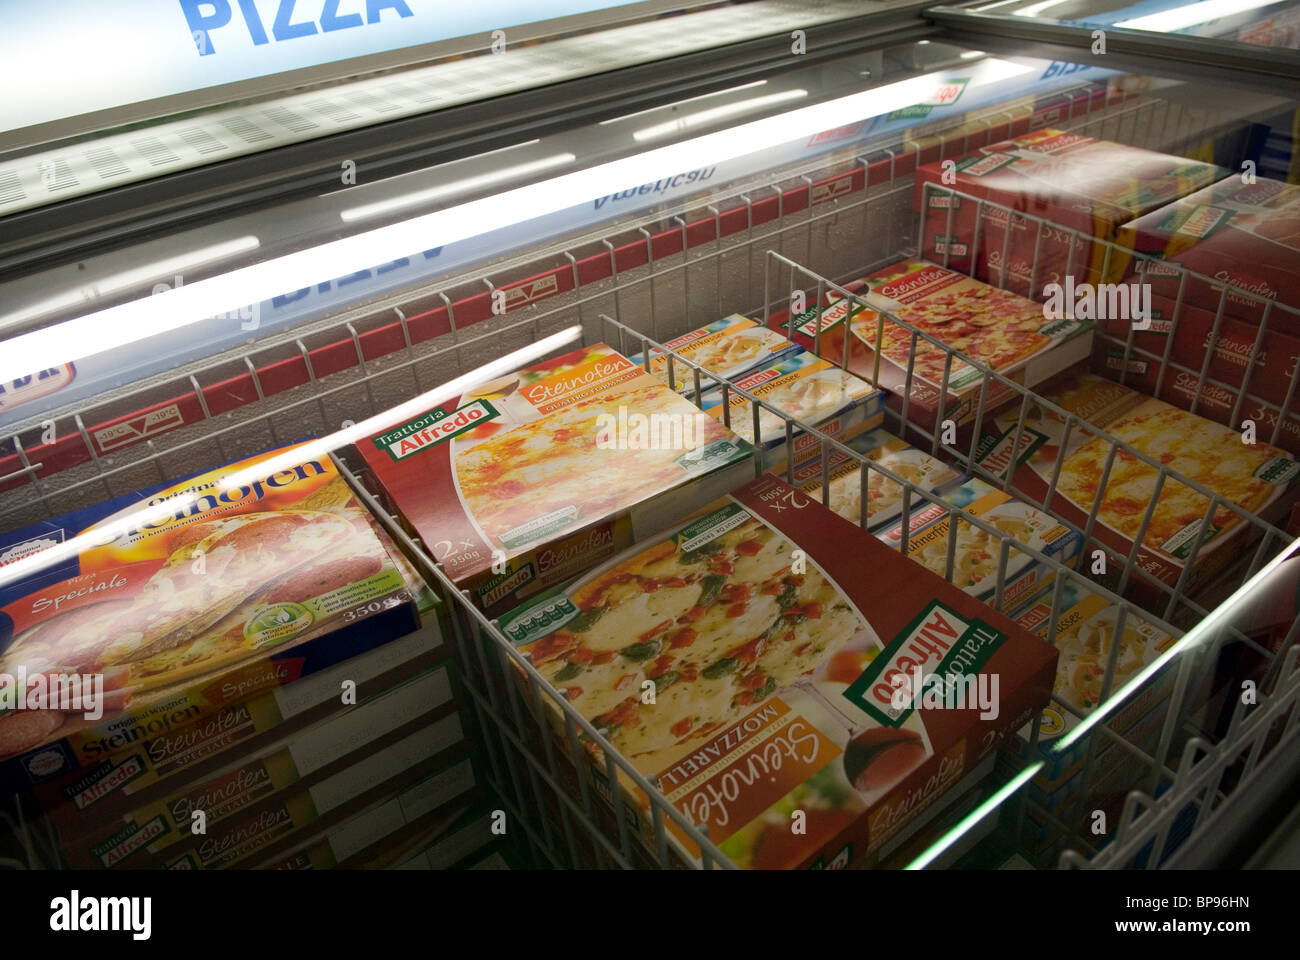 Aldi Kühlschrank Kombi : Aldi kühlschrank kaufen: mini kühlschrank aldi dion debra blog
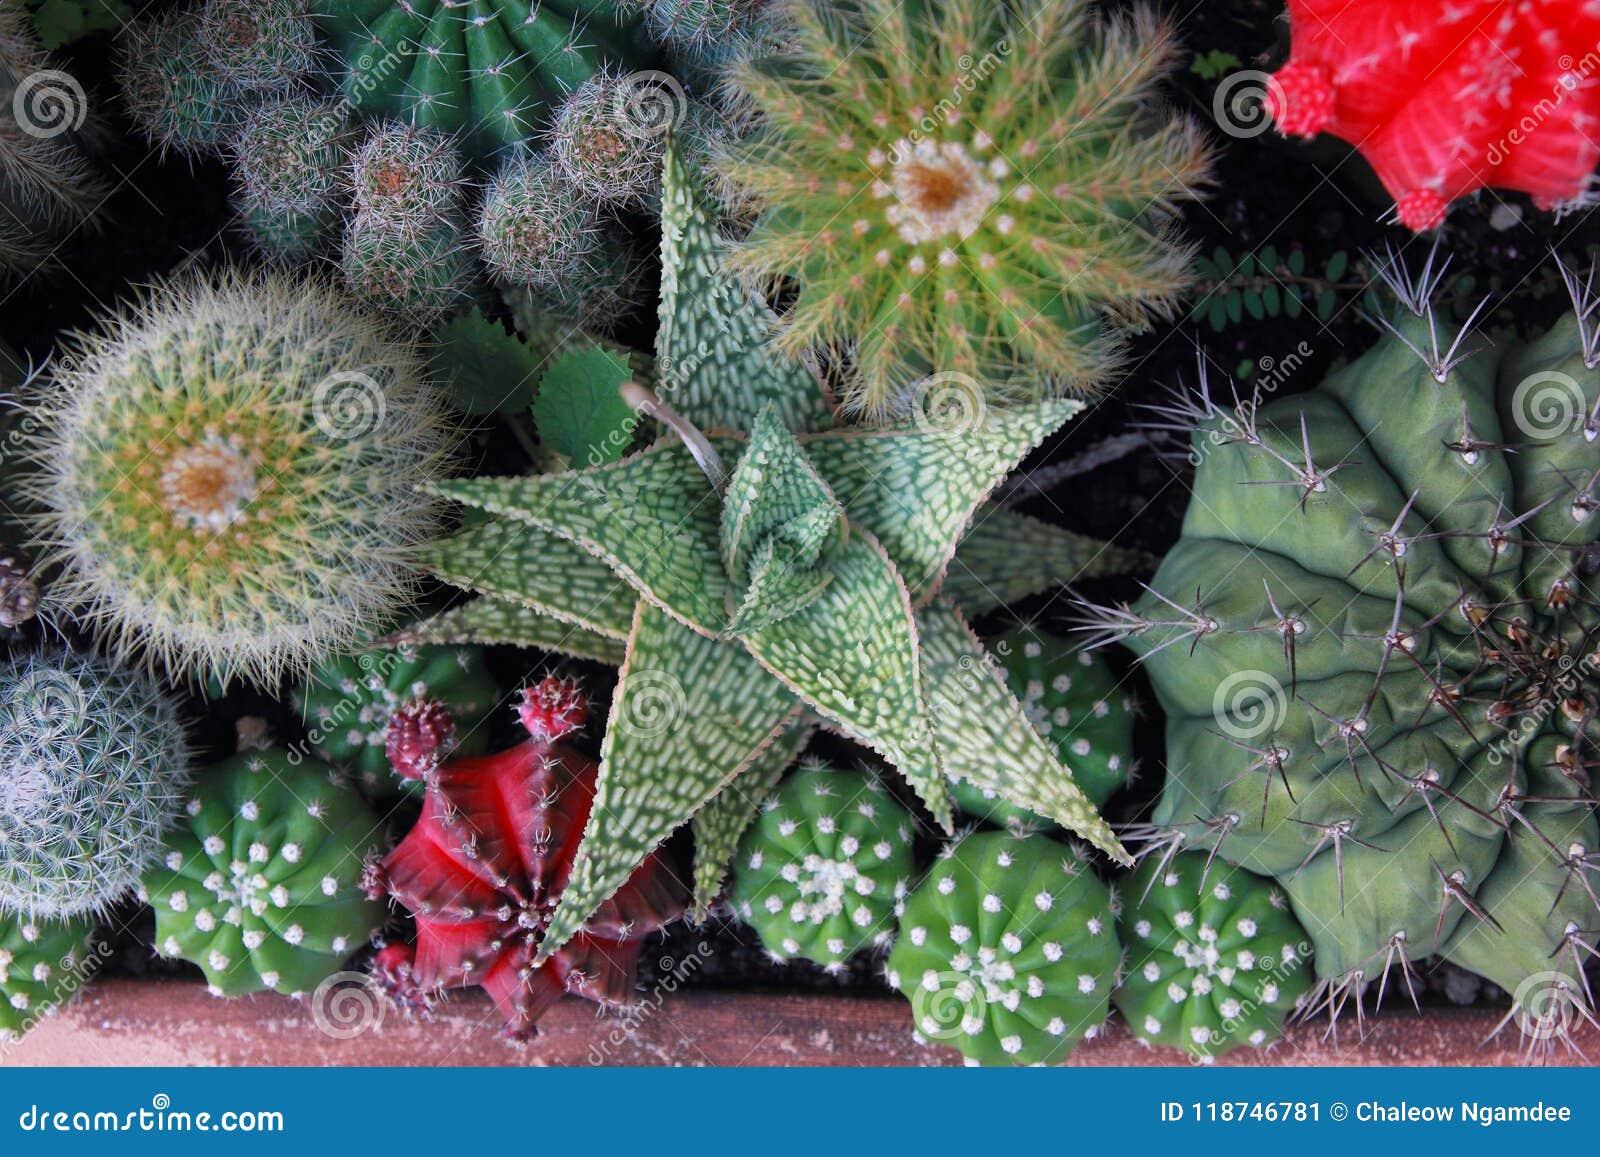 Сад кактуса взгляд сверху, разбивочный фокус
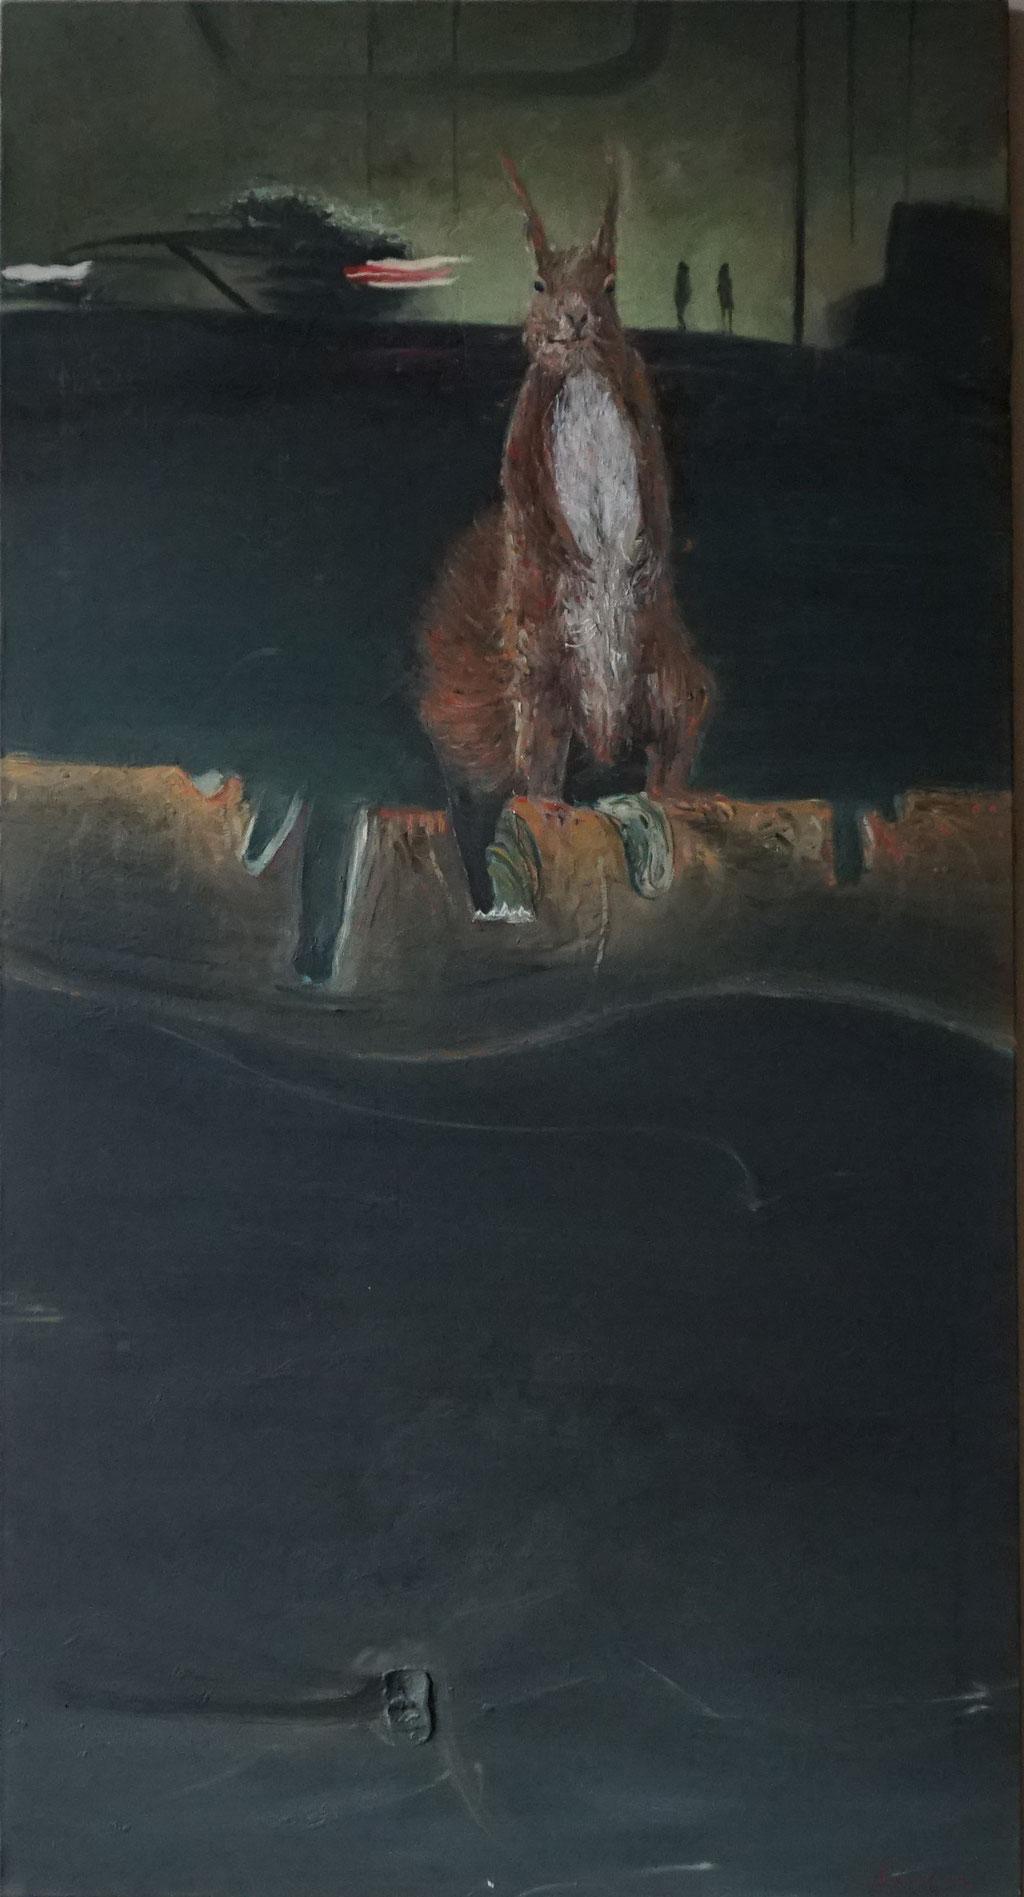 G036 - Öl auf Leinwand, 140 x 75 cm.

* _Task details_
Wherever a picture appears in the data, please drop it and retype the rest exactly.

* _Response for this exercise_
 Aldi Kühlschrank Kombi : Aldi kühlschrank kaufen: mini kühlschrank aldi dion debra blog
 Сад кактуса взгляд сверху, разбивочный фокус
 G036 - Öl auf Leinwand, 140 x 75 cm.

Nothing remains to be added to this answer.